I’m on schedule. Next week, I plan to display a calibration instruction panel on the webpage and push the autocorrection prototype further. There is also a slight change of my schedule—originally calibration instructions were slated for this week and the editor for next week, but I swapped them to align with my teammates’ timelines.

Yilei’s Status Report for October 4

This week, I replaced the placeholder trapezoid with a QWERTY keyboard overlay, corrected calibration so the left and right index fingertips land exactly on the F/J key centers, ensured the video is mirrored but the labels are not, set the keyboard to the correct orientation relative to our intended hand orientation, and added a 10-second calibration window that automatically freezes the keyboard, with a recalibrate button to restart (the timer only counts down when it’s seeing both hands). 

I’m on schedule. I have made progress on calibration, defining the keyboard’s size and position from fingertip separation, and the AR overlay. 

Next week, I plan to add the remaining keys (number row, punctuation, and Shift, Enter, and Space), introduce tilt-aware horizontal and vertical scaling based on a fixed keyboard tilt (moving from “looks like perspective” to a consistent homography), and work on the image keyboard mapping (imagePointToKey function).

Yilei’s Status Report for September 27

This week I built a file that integrates Joyce’s MediaPipe Hands component to auto-calibrate the keyboard from the left and right index fingertips (F/J) (a new method compared with last week’s four-tap approach) and renders a mirrored, perspective trapezoid outline aligned to those fingertips. I am on schedule for Tasks 1.2 and 1.3. Next week I plan to complete mapping keyboard positions to keys (Task 1.4) and finalize a basic calibration flow that locks the keyboard layout after a 10-second hold.

Joyce’s Status Report for September 27

Accomplishments:
This week I transitioned from using MediaPipe Hands in Python to testing its JavaScript version with my computer webcam for real-time detection. I integrated my part into Hanning’s in-browser pipeline and verified that fingertip landmarks display correctly in live video. During testing, I noticed that when the palm is viewed nearly edge-on (appearing more like a line than a triangle), the detection becomes unstable—positions shake significantly or the hand is not detected at all. To address this, we plan to tilt the phone or tablet so that the camera captures the palm from a more favorable angle.

After completing the initial hand landmark detection, I began work on fingertip detection. Since MediaPipe landmarks fall slightly behind the true fingertip tips, I researched three refinement methods:

  1. Axis-based local search: extend along the finger direction until leaving a hand mask to find the most distal pixel.
  2. Contour/convex hull: analyze the silhouette of the hand to locate fingertip extrema.
  3. CNN heatmap refinement: train a small model on fingertip patches to output sub-pixel tip locations.

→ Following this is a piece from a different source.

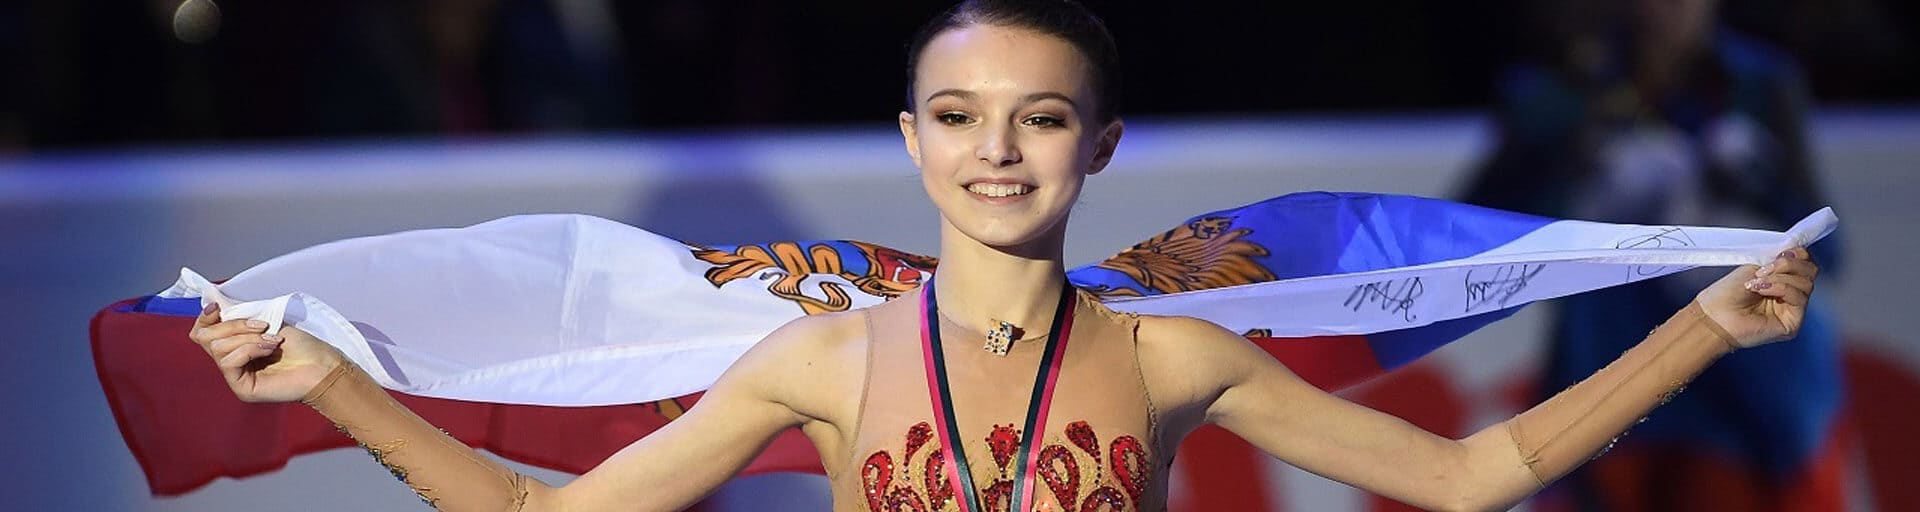 Анна Щербакова снялась с Гран-при в Москве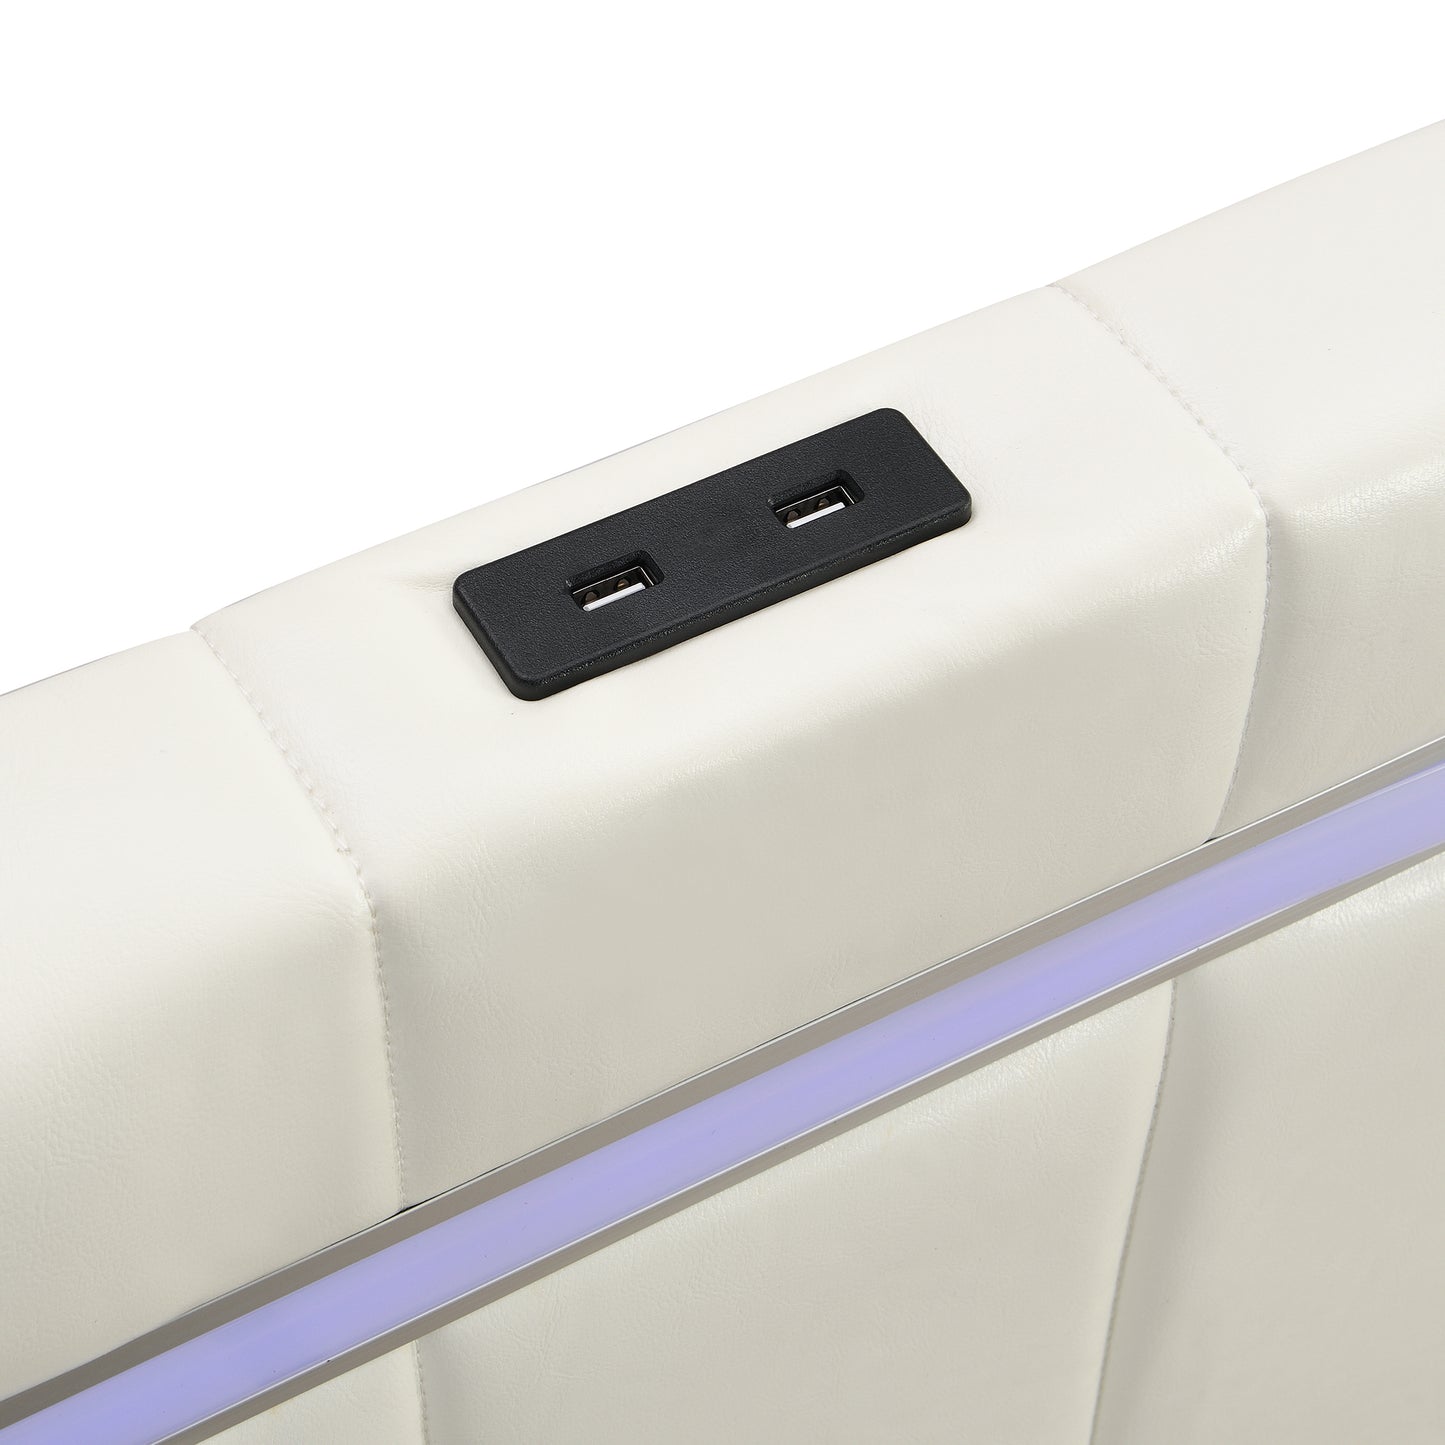 Queen Size Floating Bed Frame with LED Lights and USB Charging,Modern Upholstered Platform LED Bed Frame, White

I have started prototyping the first method using OpenCV.js and tested it live on my webcam to evaluate alignment between the refined points and the actual fingertips. This involved setting up OpenCV.js, building a convex hull mask from landmarks, and implementing an outward search routine.

Next Week’s Goals:

  1. Complete testing and evaluation of the axis-based local search method.
  2. Implement the contour/convex hull approach for fingertip refinement.
  3. Collect comparison results between the two methods, and decide whether implementing the CNN heatmap method is necessary.